Так считали и Козлов, и Аксенов. И с ними сложно спорить. Ибо оба не раз сталкивались с тем, что творческое действие, не контролируемое начальством, признается опасным и пресекается.
Но в ту пору и музыканты, и слушатели это понимали и подыгрывали властям. Это был единственный шанс выйти из полуподполья. Доказать, что их искусству место на большой сцене, а не в кабаке. И у них получилось. Хотя партия уже создала образ врага в будущей войне — им стала Америка, с ее музыкой, кока-колой и жевательной резинкой. Но общим усилием комсомольского актива, музыкантов и «неравнодушных юношей и девушек» были всё же созданы кафе «Молодежное», «Аэлита» и «Синяя птица».

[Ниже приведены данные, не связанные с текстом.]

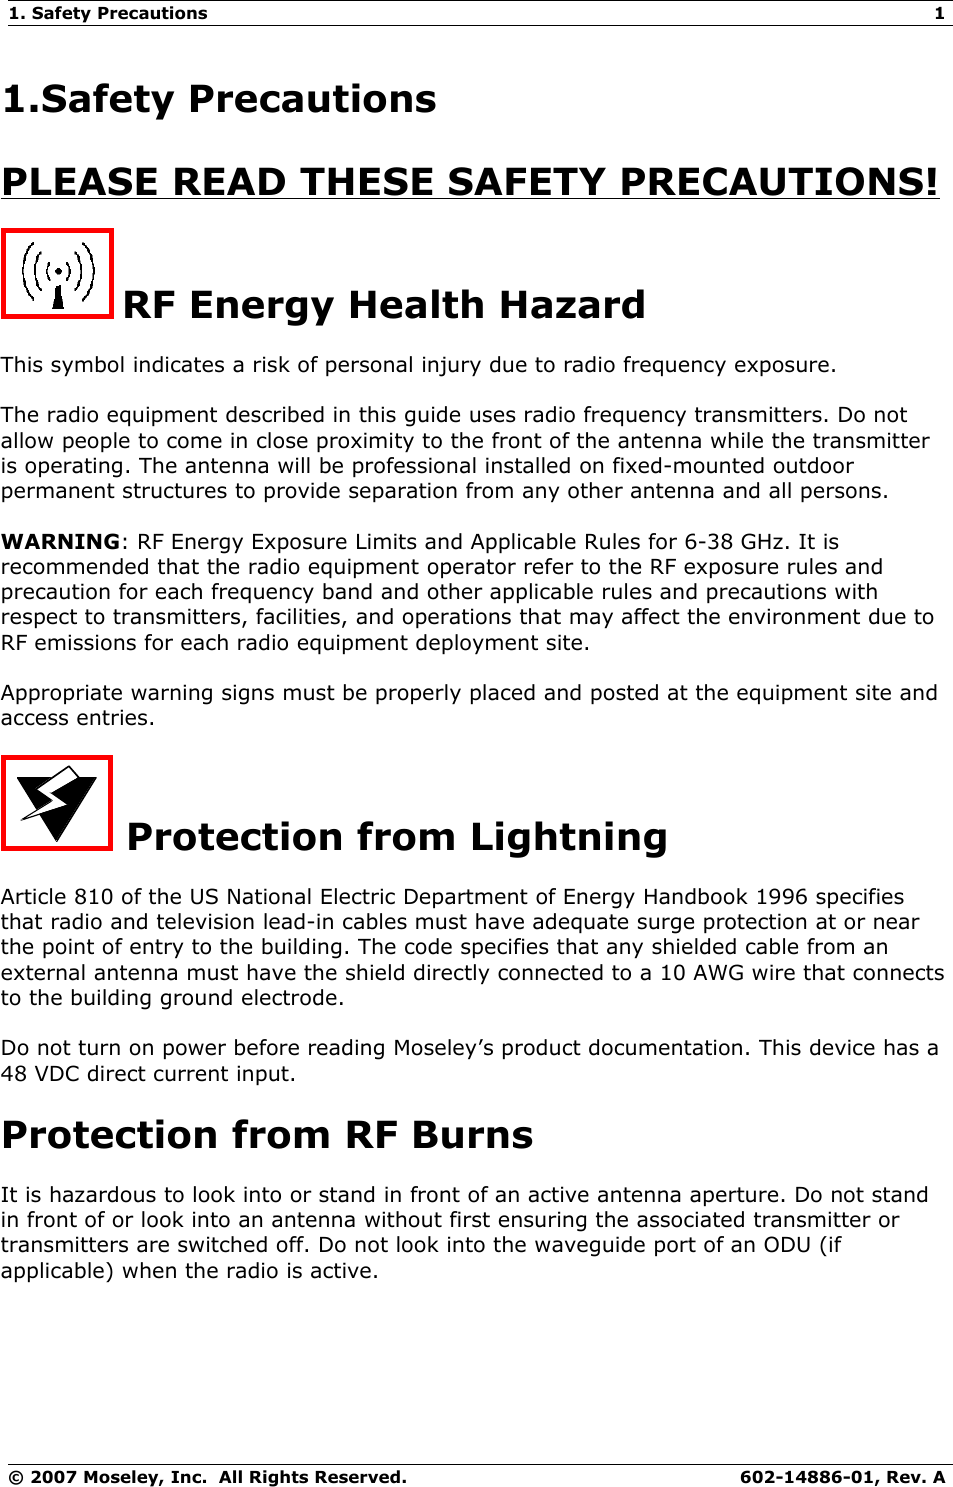 1. Safety Precautions 11.Safety PrecautionsPLEASE READ THESE SAFETY PRECAUTIONS! RF Energy Health HazardThis symbol indicates a risk of personal injury due to radio frequency exposure.The radio equipment described in this guide uses radio frequency transmitters. Do not allow people to come in close proximity to the front of the antenna while the transmitter is operating. The antenna will be professional installed on fixed-mounted outdoor permanent structures to provide separation from any other antenna and all persons.WARNING: RF Energy Exposure Limits and Applicable Rules for 6-38 GHz. It is recommended that the radio equipment operator refer to the RF exposure rules and precaution for each frequency band and other applicable rules and precautions with respect to transmitters, facilities, and operations that may affect the environment due to RF emissions for each radio equipment deployment site. Appropriate warning signs must be properly placed and posted at the equipment site and access entries.  Protection from LightningArticle 810 of the US National Electric Department of Energy Handbook 1996 specifies that radio and television lead-in cables must have adequate surge protection at or near the point of entry to the building. The code specifies that any shielded cable from an external antenna must have the shield directly connected to a 10 AWG wire that connects to the building ground electrode.Do not turn on power before reading Moseley’s product documentation. This device has a 48 VDC direct current input.Protection from RF BurnsIt is hazardous to look into or stand in front of an active antenna aperture. Do not stand in front of or look into an antenna without first ensuring the associated transmitter or transmitters are switched off. Do not look into the waveguide port of an ODU (if applicable) when the radio is active.© 2007 Moseley, Inc.  All Rights Reserved. 602-14886-01, Rev. A

Им предшествовал джаз-клуб в Доме культуры энергетиков на Раушской набережной, основанный в конце 1950-х при поддержке Октябрьского райкома комсомола. Там впервые стали играть современный джаз с комментариями Алексея Баташева и Леонида Переверзева. Они формировали джазовую аудиторию и отношение к нему как к серьезному искусству.
Потом начались фестивали, гастроли, поездки за рубеж… Например — в Польшу, где была своя джазовая традиция, где до войны звучал известный в Европе оркестр фирмы «Сирена-Электро», где выступал Януш Поплавский с его «Szkoda cię dla innego» и «La Cumparsita», где родился классический фокстрот «Абдул-бей» Фани Гордон (сочинившей и музыку к лещенковскому, а после — утесовскому шлягеру «У самовара я и моя Маша»), где гремели Ержи Герт и Иво Весбы с русскими фокстротами «Гармошка» («Garmoszka») и «Танцуй, Маша, танцуй» («Tańcz, Maszka, tańcz!») и где Петр Жимановский играл слегка замаскированную «Мурку».

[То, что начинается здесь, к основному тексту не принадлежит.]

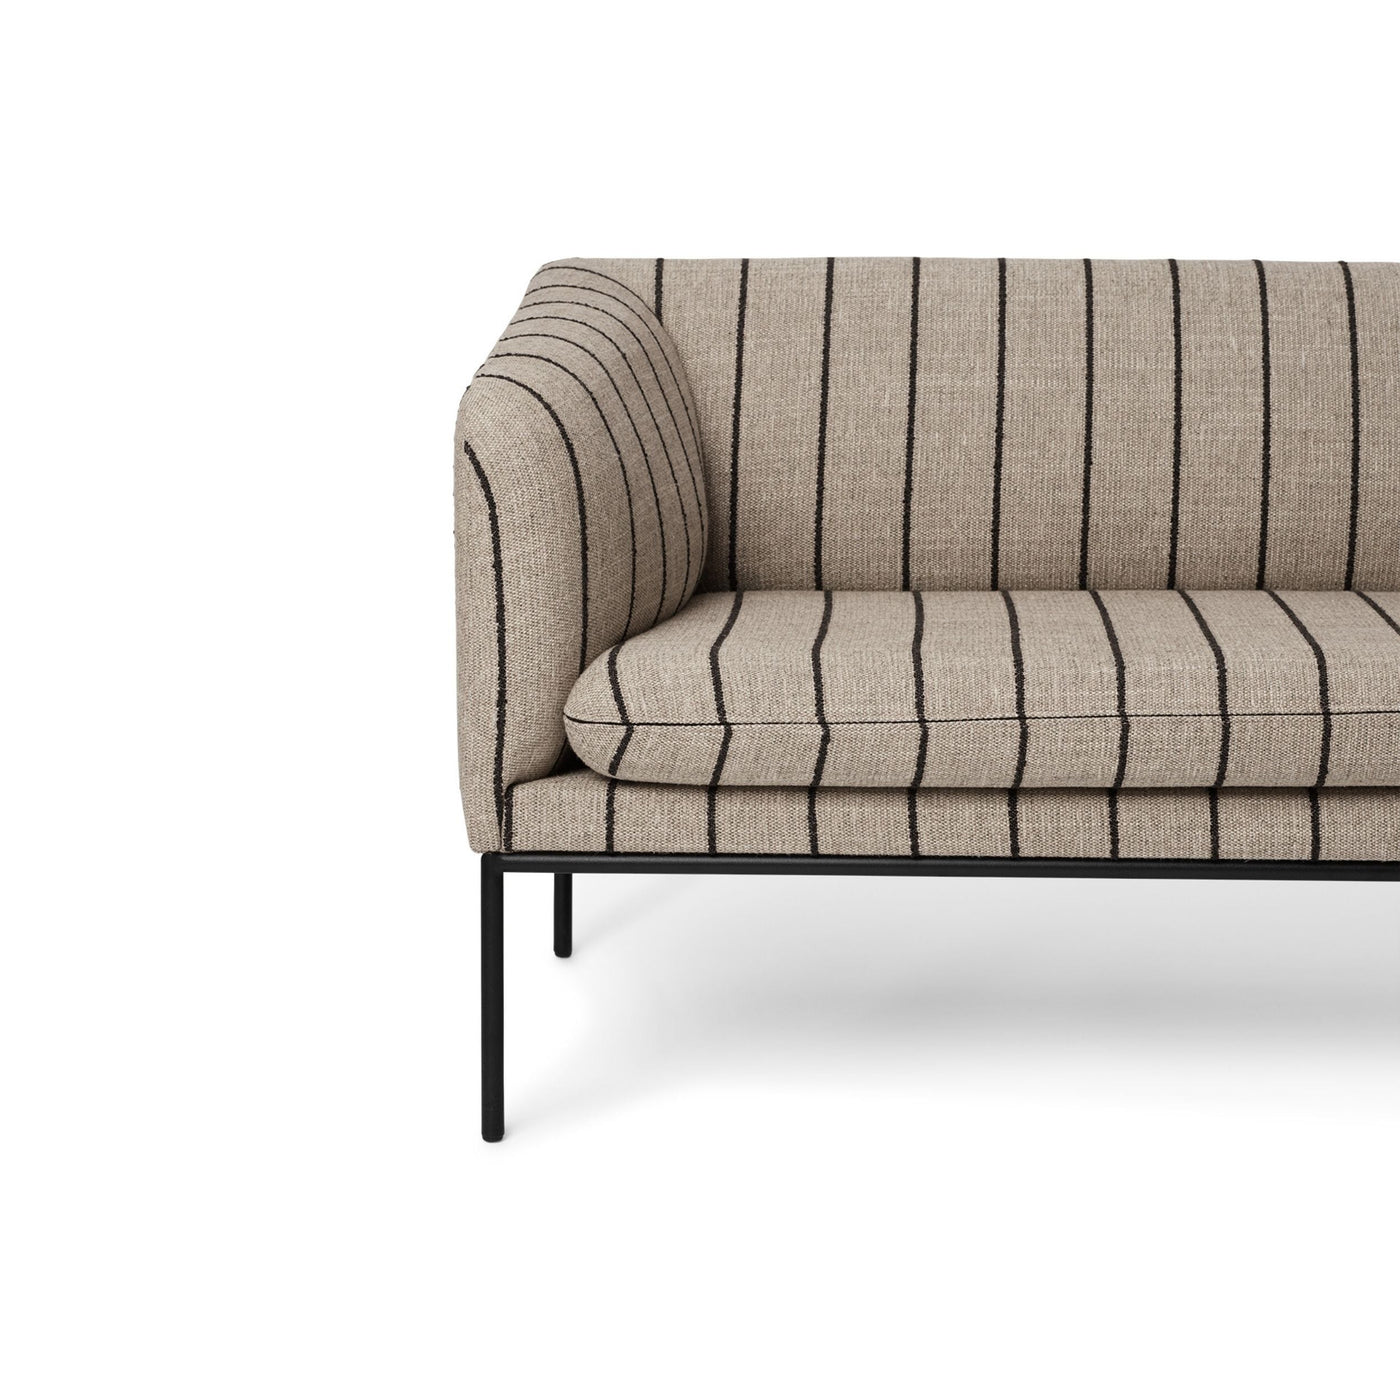 Ferm Living Turn sofa in Pasadena striped fabric. Made to order from someday designs

Все смеялись, слушая, как поэт и, как сейчас бы сказали, шоумен Мариан Гемар поет песенку, на которую сильно смахивает вещь Леонида и Эдит Утесовых «…может, ты б тогда, Пеструха, знала — почему…», вещь, написанную задолго до 1939 года, когда вышло советское шоу «Много шума из тишины». Отчего, хохоча, не упрекали Утесова в плагиате? Не оттого ли, что чувствовали: драмы наших народов переплетены теснее, чем кажется, и во взаимной боли, и во взаимной неуловимой, но и неукротимой тяге?

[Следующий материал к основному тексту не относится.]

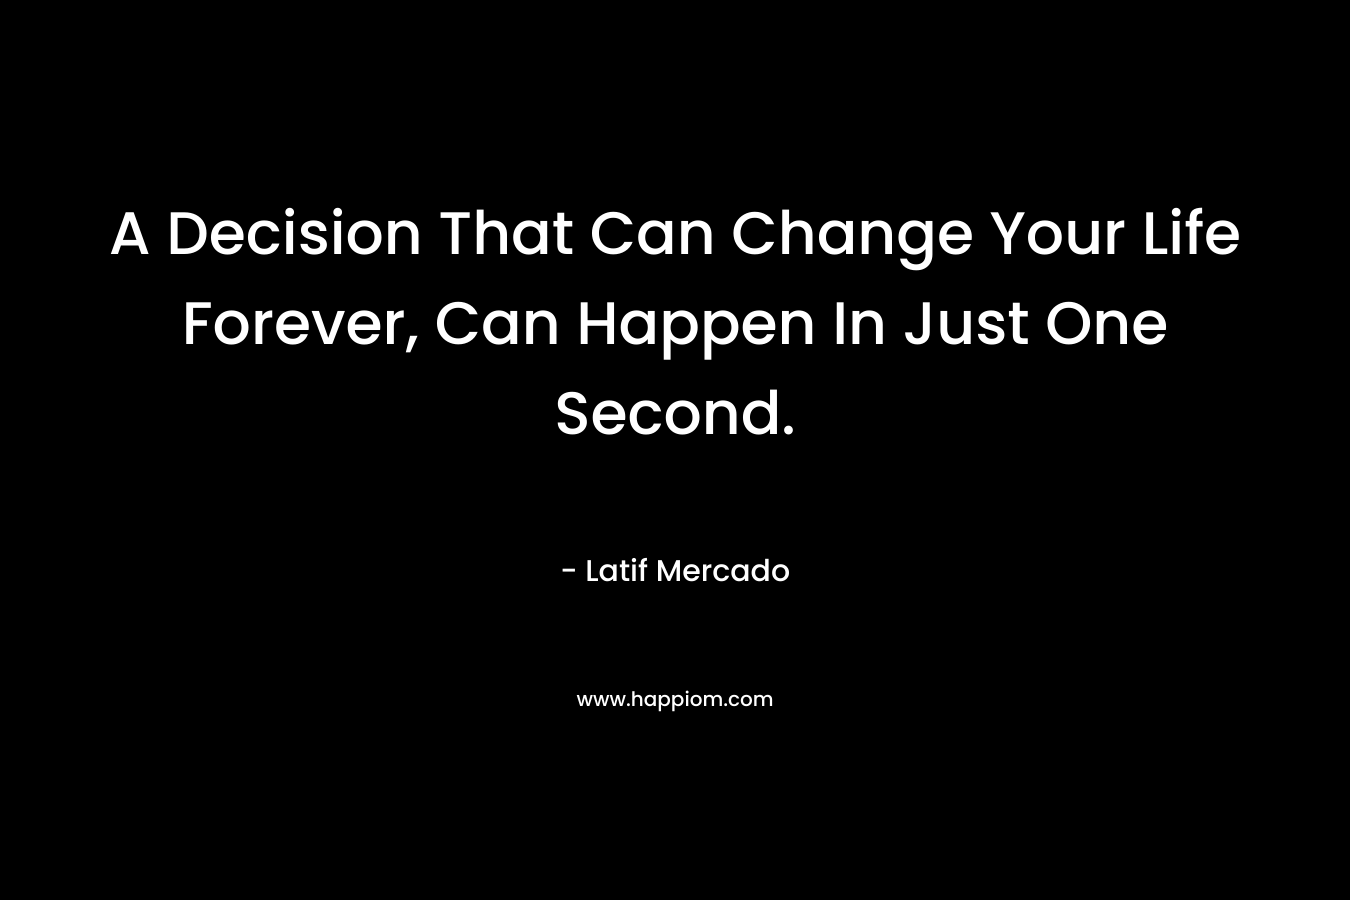 A Decision That Can Change Your Life Forever, Can Happen In Just One Second. – Latif Mercado
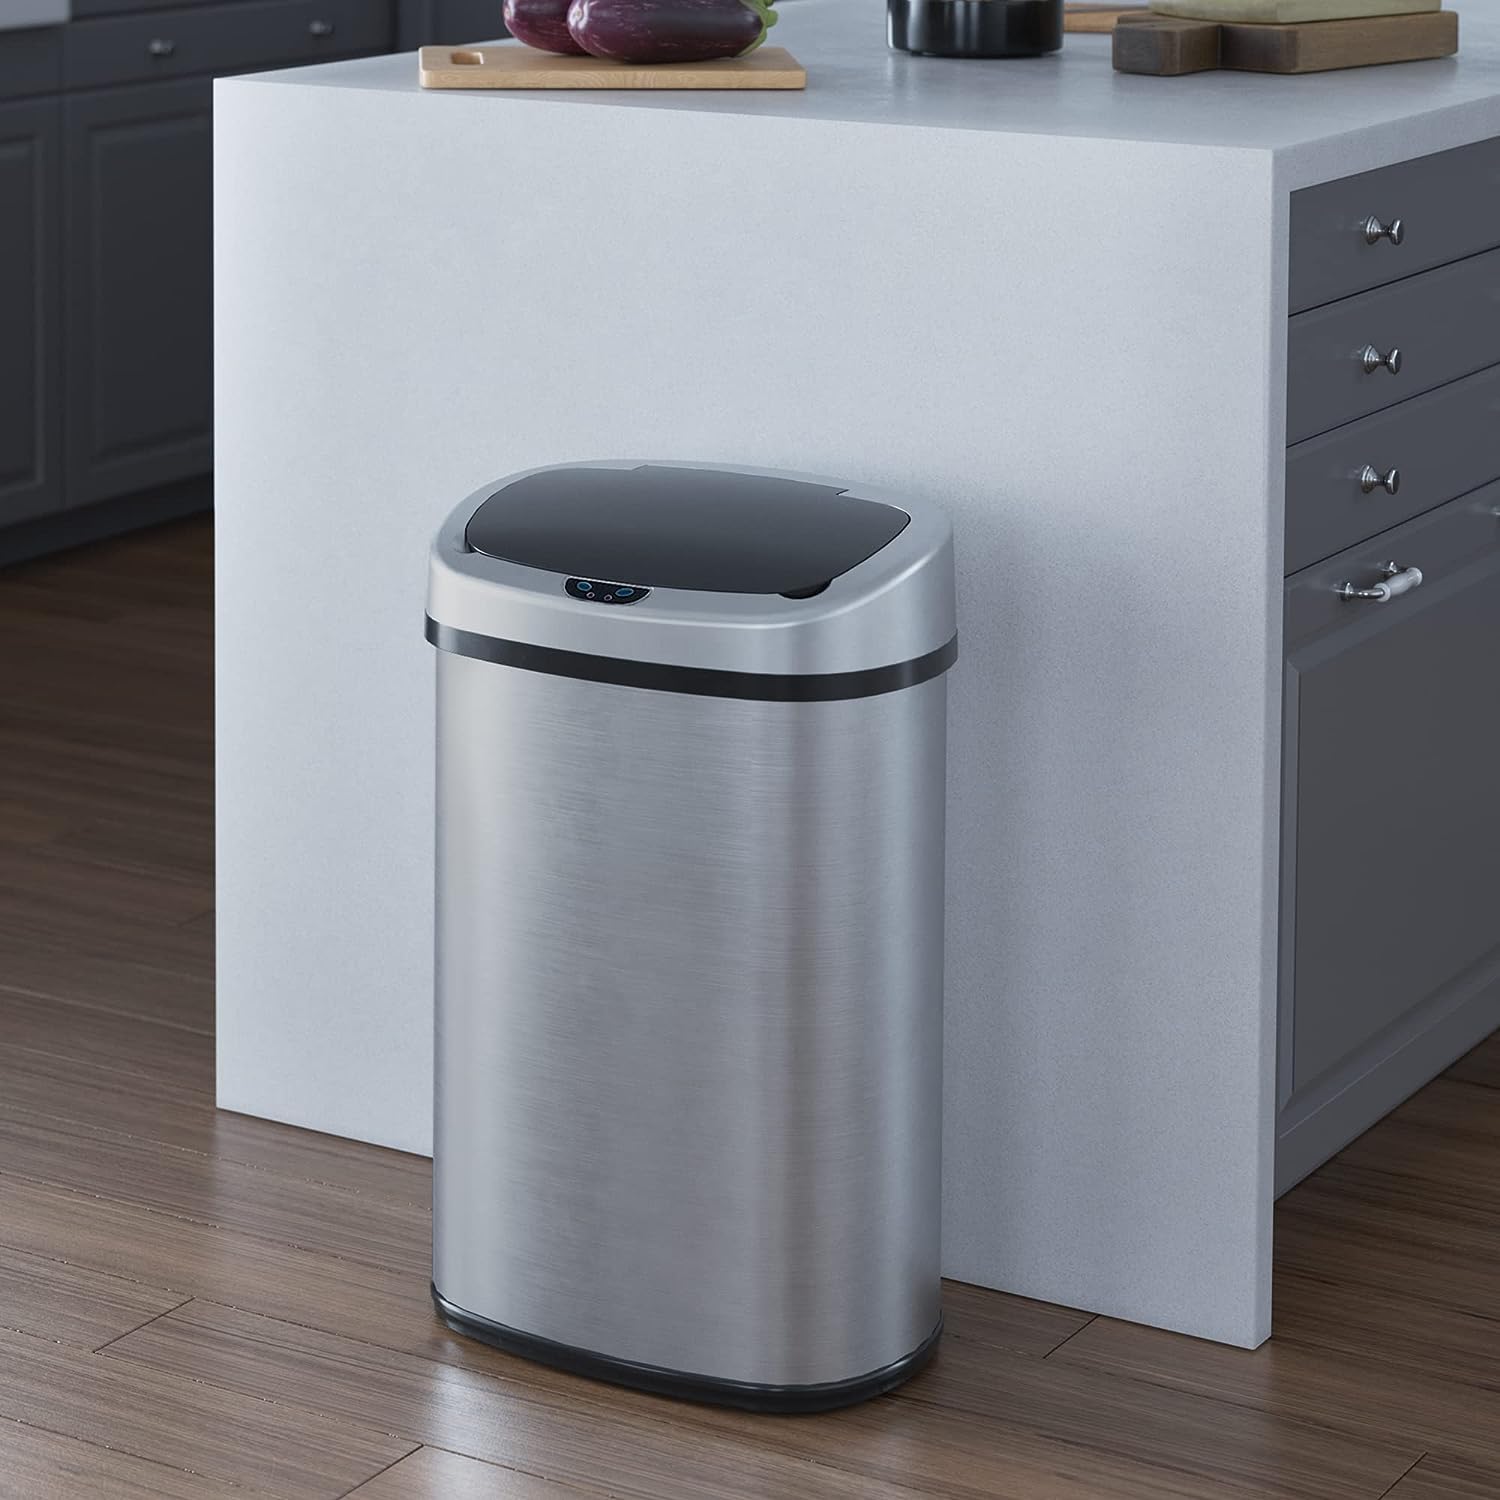 https://bigbigmart.com/wp-content/uploads/2023/10/iTouchless-13-Gallon-SensorCan-Touchless-Trash-Can-with-Odor-Control-System-Stainless-Steel-Oval-Shape-Kitchen-Bin4.jpg

Потом начались концерты на Западе. И визиты иностранцев в СССР. Международный джазовый фестиваль 1967 года в Таллине собрал советских и зарубежных мастеров, о чем Аксенов и написал в очерке «Простак в мире джаза, или Баллада о тридцати бегемотах». Джаз стал одним из мостов поверх «железного занавеса».